$σ^2 = (a_1, a_3, a_5,\dots , a_{2k+1}, a_2, a_4, \ldots , a_{2k})$.
I'm having a bit of trouble understanding this question. If I were to square a cycle with an odd order and end up with this result, wouldn't this mean that the order of $σ^2$ is even and therefore, not the same?
Order of $\sigma$ is $m$. Let the order of $\sigma^2$ be $k$. Note that $k \leq m$ as $(\sigma^2)^m=(\sigma^m)^2=e$.

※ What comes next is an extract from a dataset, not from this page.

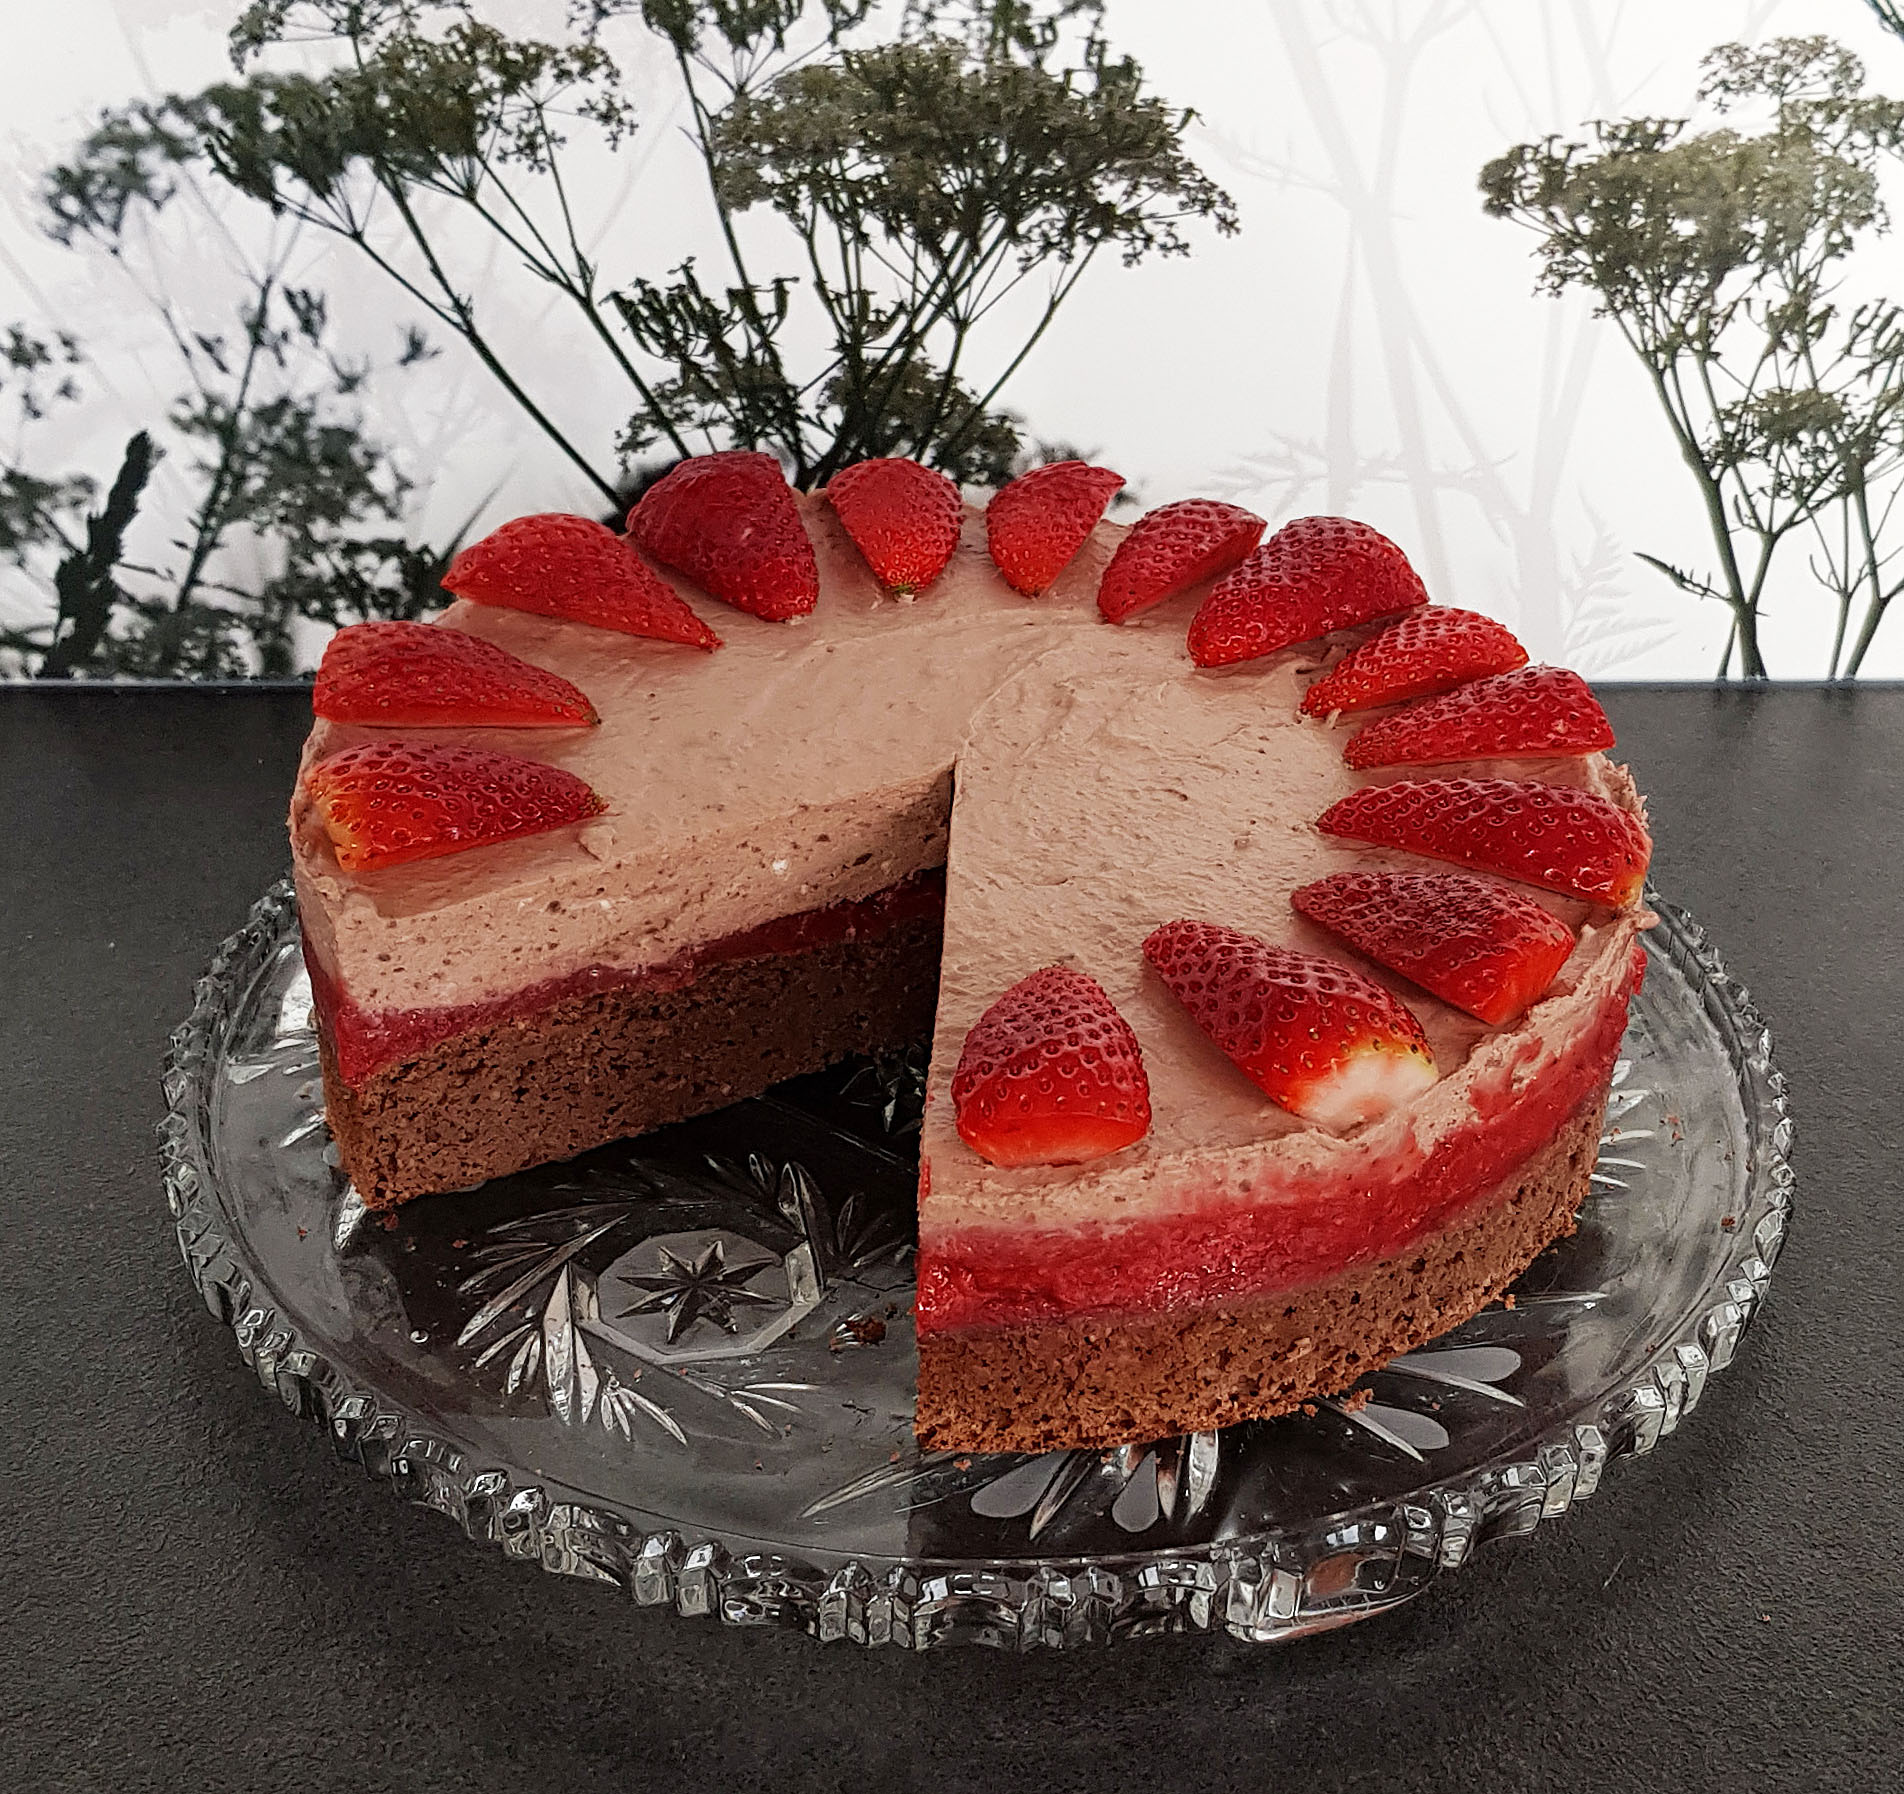 Schoko-Sahne-Torte mit Erdbeeren3 – Low Carb mit Genuss

Now, $(\sigma^2)^k=e$ implies that $m$ divides $2k$. But $m$ is odd, and hence this implies that $m$ divides $k$. But $k \leq m$ which implies that $m=k$.
Without loss of generality, let $σ = (123 · · · m)$ where $m$ is odd. Then, $σ^2 = (123 · · · m)(123 · · · m) = (135 · · · m246 · · ·(m − 1))$. QED
Given , $\color{blue}{\sigma \in S_n}$ and $\color{blue}{o(\sigma) =m}$
Then, $\color{red}{\langle \color{blue}\sigma\rangle}$ is a cyclic group of order $m$.
Then for any $k\in \Bbb{Z}$ , $$\color{red}{\boxed{\color{blue}{o(\sigma^k) =\frac{m}{\color{red}{\gcd(k,m}}}}}$$
For the proof of the above theorem see here :
How to prove $|a^k|=n/\gcd(n,k)$ whenever $|a|=n$?
Now, $\color{blue}{o(\sigma^2)=\frac{m}{\color{red}{\gcd(2, m) }}}$
Given $m$ is odd. Hence, $\color{red}{\gcd(2, m) =1}$
Hence, $\color{blue}{o(\sigma^2) =m}$